Personal information
- National team: Philippines
- Born: 1924
- Died: 17 February 2021 (aged 96)

Sport
- Sport: Swimming
- College team: University of Santo Tomas

Medal record
Men's swimming
Representing Philippines
Asian Games
| Gold medal – first place | 1951 New Delhi | 200m breaststroke |
| Gold medal – first place | 1951 New Delhi | 3x100 medley relay |
| Silver medal – second place | 1958 Tokyo | 4x100 medley relay |

= Jacinto Cayco =

Filipino swimmer and referee (1924–2021)

Jacinto S. Cayco (1924 – 17 February 2021) was a Filipino swimmer and referee who competed in the 1948 Summer Olympics. He also had a brother named, Pedro who competed in the 1956 Summer Olympics.

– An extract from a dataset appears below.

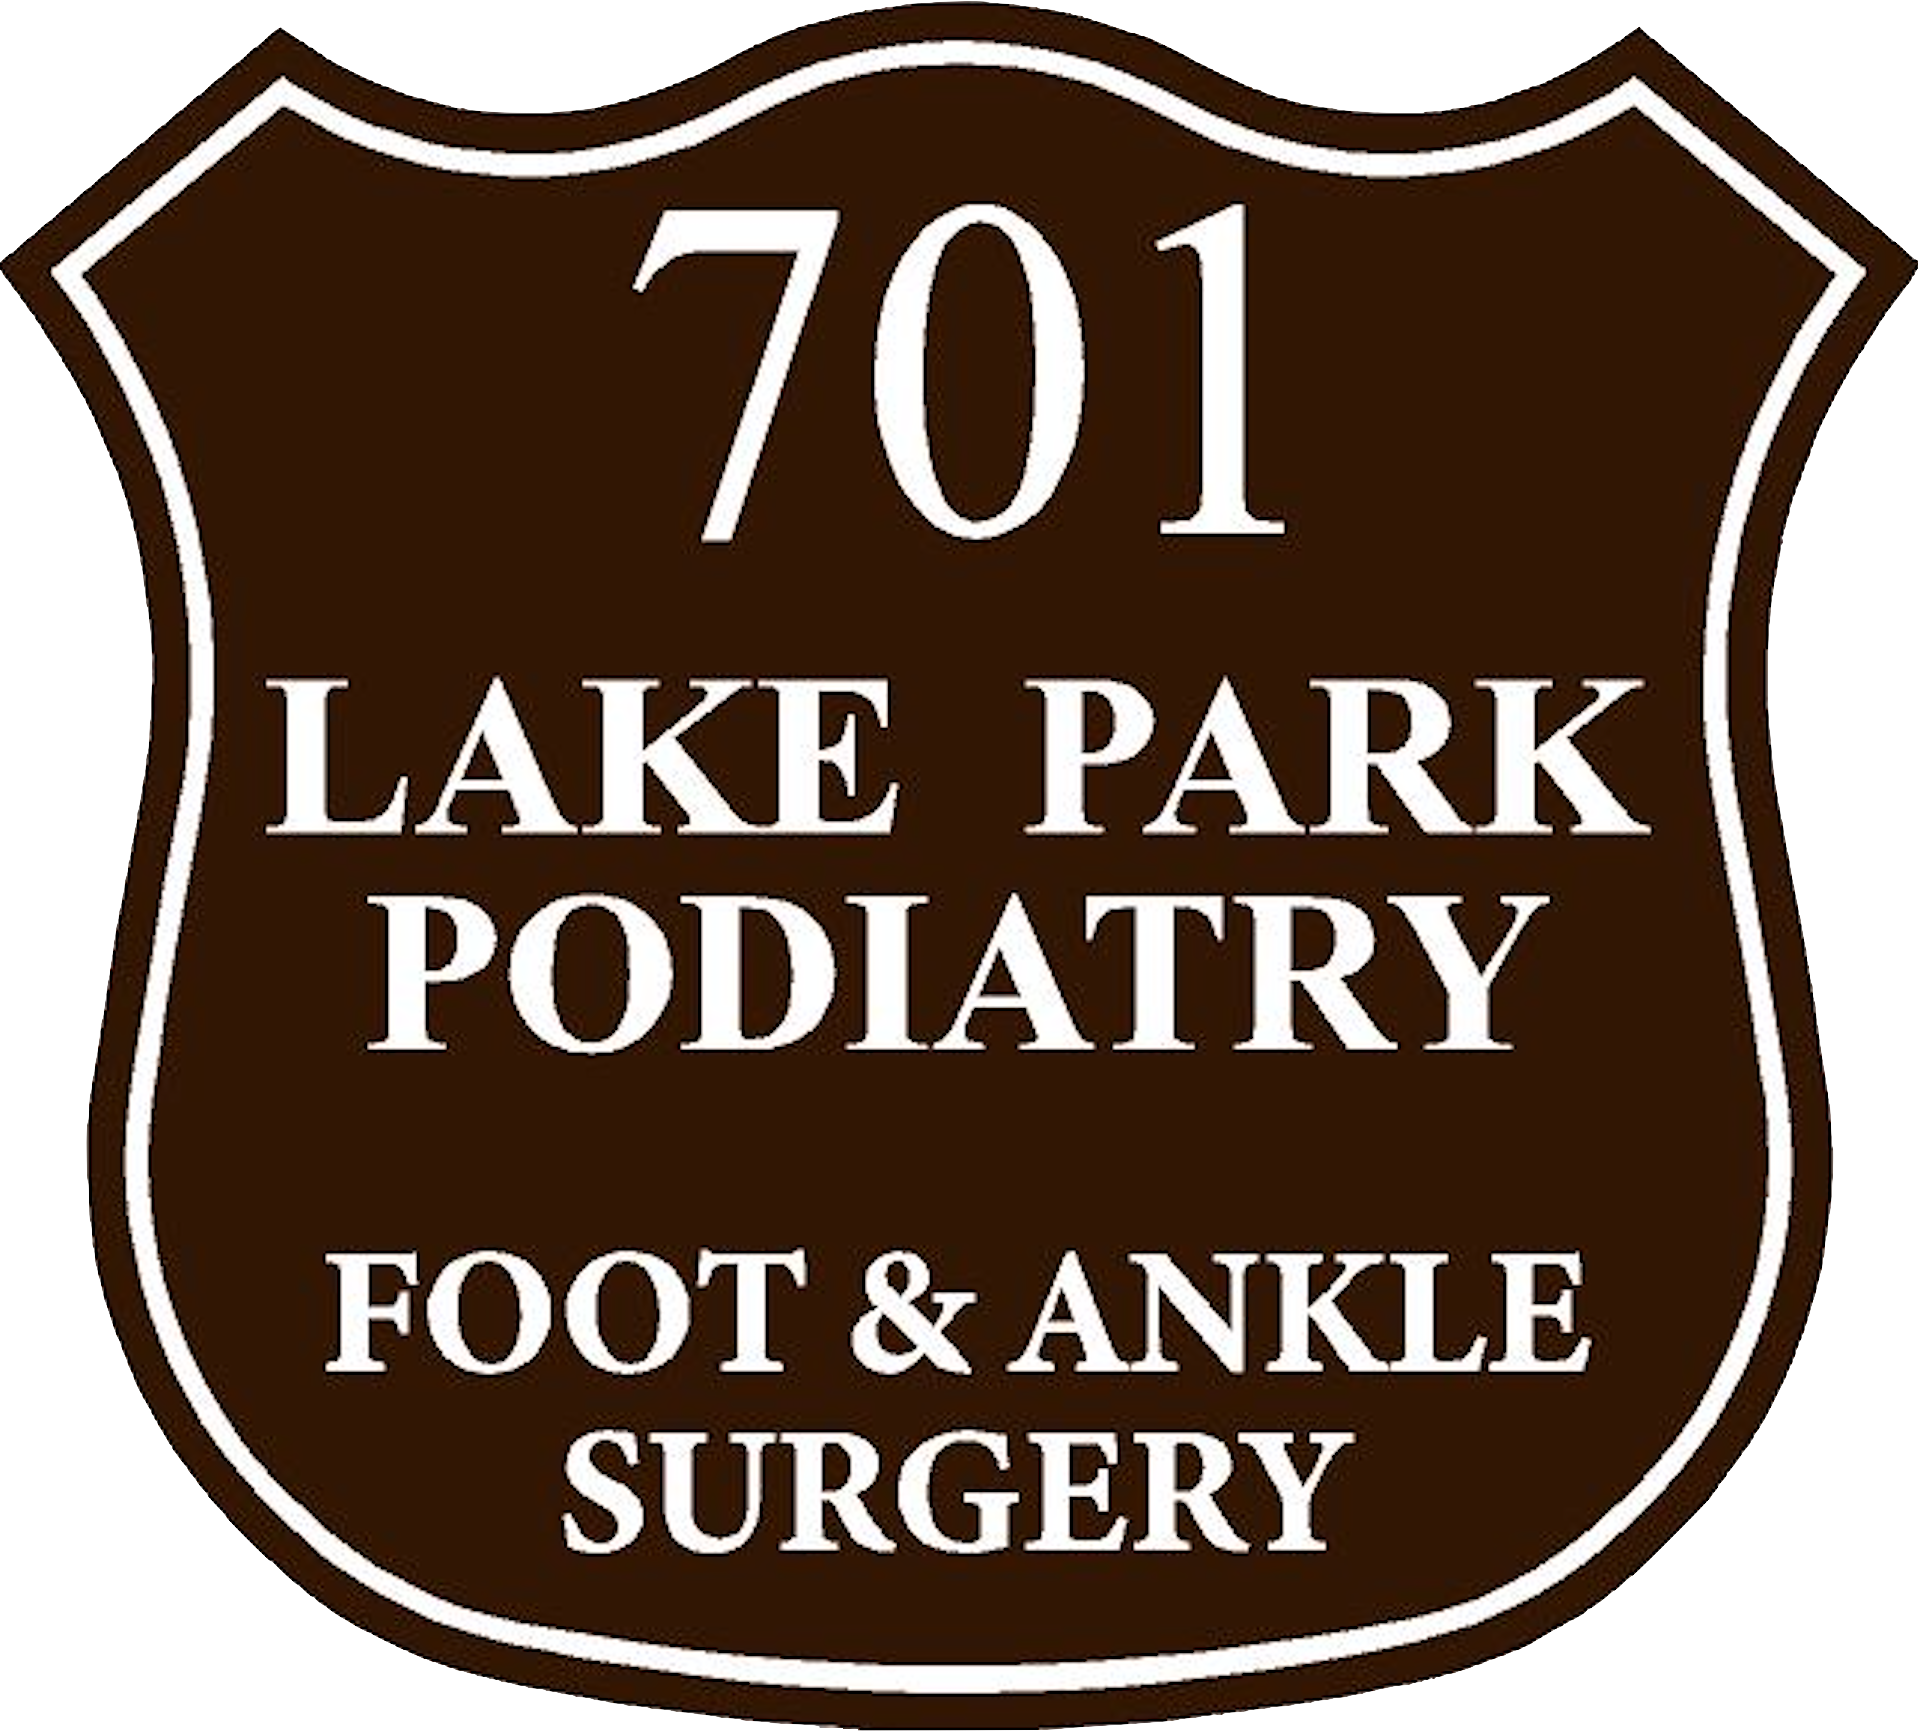 Picture of the 701 Lake Park Podiatry Shield from the side of the building

Cayco won two gold medals at the 1951 Asian Games; one at the 200 meters breaststroke event and the other was won with Nurhatab Rajab and Artemio Salamat at the 3x100 medley relay. At the 1954 Asian Games he was captain of the swimming team. At the 1958 Asian Games he won a silver medal at the 4x100 medley relay with three other swimmers.

He was also a varsity player of the University of Santo Tomas swimming team from 1946 to 1953. After his competitive stint as a swimmer he became a referee. As a referee he officiated at the 1981 Southeast Asian Games and in national-level competitions such as the Palarong Pambansa, Philippine National Games, and Batang Pinoy. Cayco was named into the Philippine Sports Hall of Fame on 25 January 2016. He died on 17 February 2021 at the age of 96.